Ibraheem Ahmed

Hidden inside std::collections::hash_map is a struct called RandomState. It's job is to initialize a DefaultHasher with a random seed for use in a HashMap. It turns out that if you create a random DefaultHasher and extract the final hash without actually hashing anything, you get a random number:

fn rand() -> u64 {
    RandomState::new().build_hasher().finish()
}

fn main() {
    for _ in 0..5 {
        println!("{}", rand());
    }
}
13850751674286760248
45510352149189357
6403375774259711286
1678796842412519869
12232603414372688969

Under the hood RandomState::new doesn't actually fetch entropy every time it's called.
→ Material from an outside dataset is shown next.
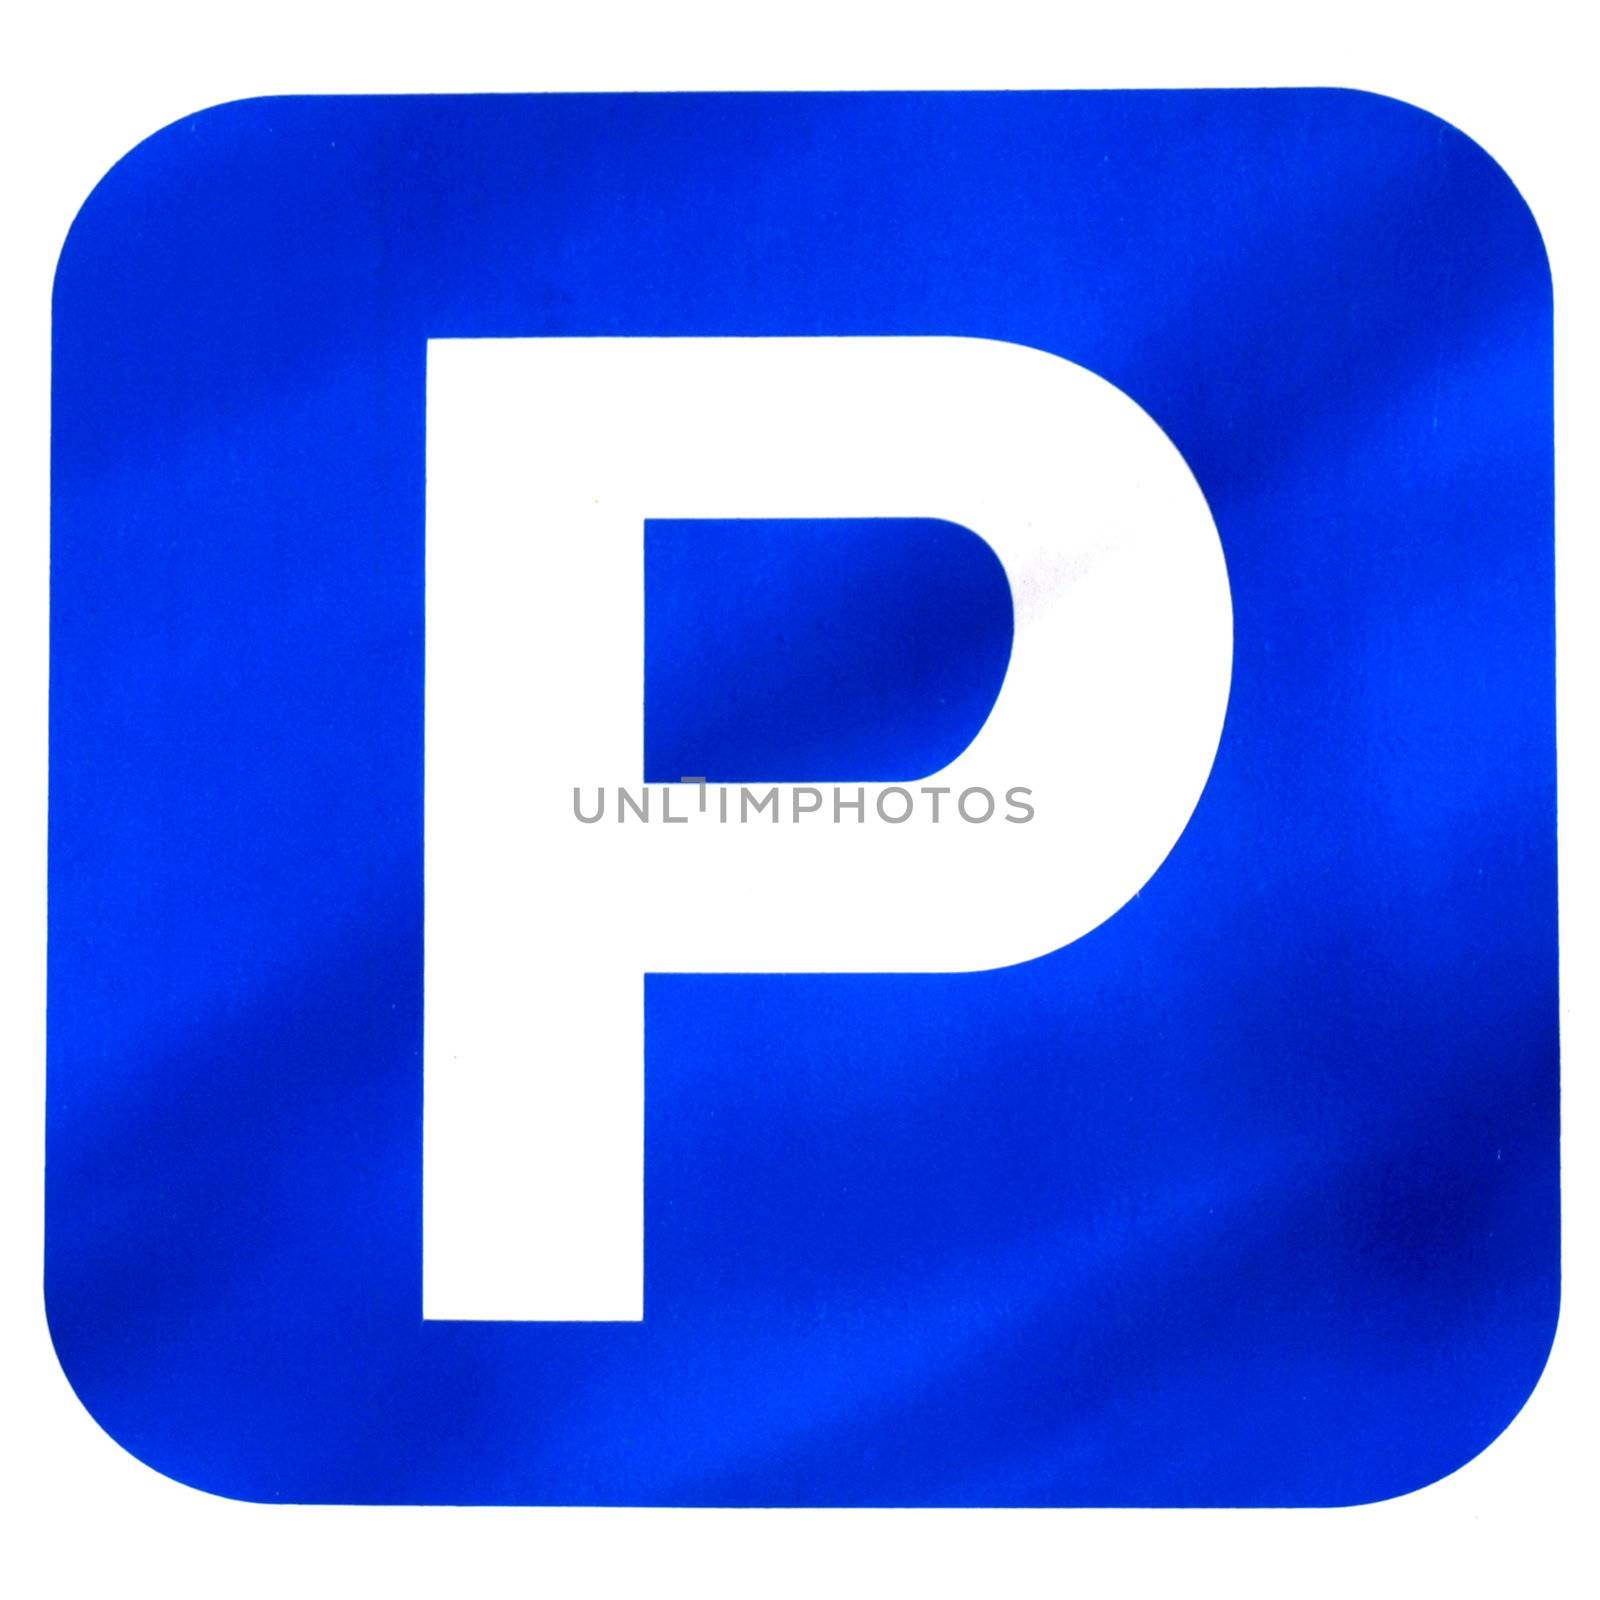 Car parking sign isolated over white background

Instead, it caches a key per thread and increments it:

impl RandomState {
    /// Constructs a new `RandomState` that is initialized with random keys.
    pub fn new() -> RandomState {
        thread_local!(static KEYS: Cell<(u64, u64)> = {
            Cell::new(sys::hashmap_random_keys()) // e.g getrandom()
        });

        KEYS.with(|keys| {
            let (k0, k1) = keys.get();
            keys.set((k0.wrapping_add(1), k1));
            RandomState { k0, k1 }
        })
    }
}

This seed is then hashed with SipHash13, Rust's default hasher, and a decent psuedo random number generator:

impl hash::Hasher for SipHasher {
    // ...
    fn finish(&self) -> u64 {
        let mut state = self.state;

        let b: u64 = ((self.length as u64 & 0xff) << 56) | self.tail;

        state.v3 ^= b;
        Sip13Rounds::c_rounds(&mut state);
        state.v0 ^= b;

        state.v2 ^= 0xff;
        Sip13Rounds::d_rounds(&mut state);

        state.v0 ^ state.v1 ^ state.v2 ^ state.v3
    }
}

Of course everything above is an implementation detail that you can't rely on... so use it at your own risk.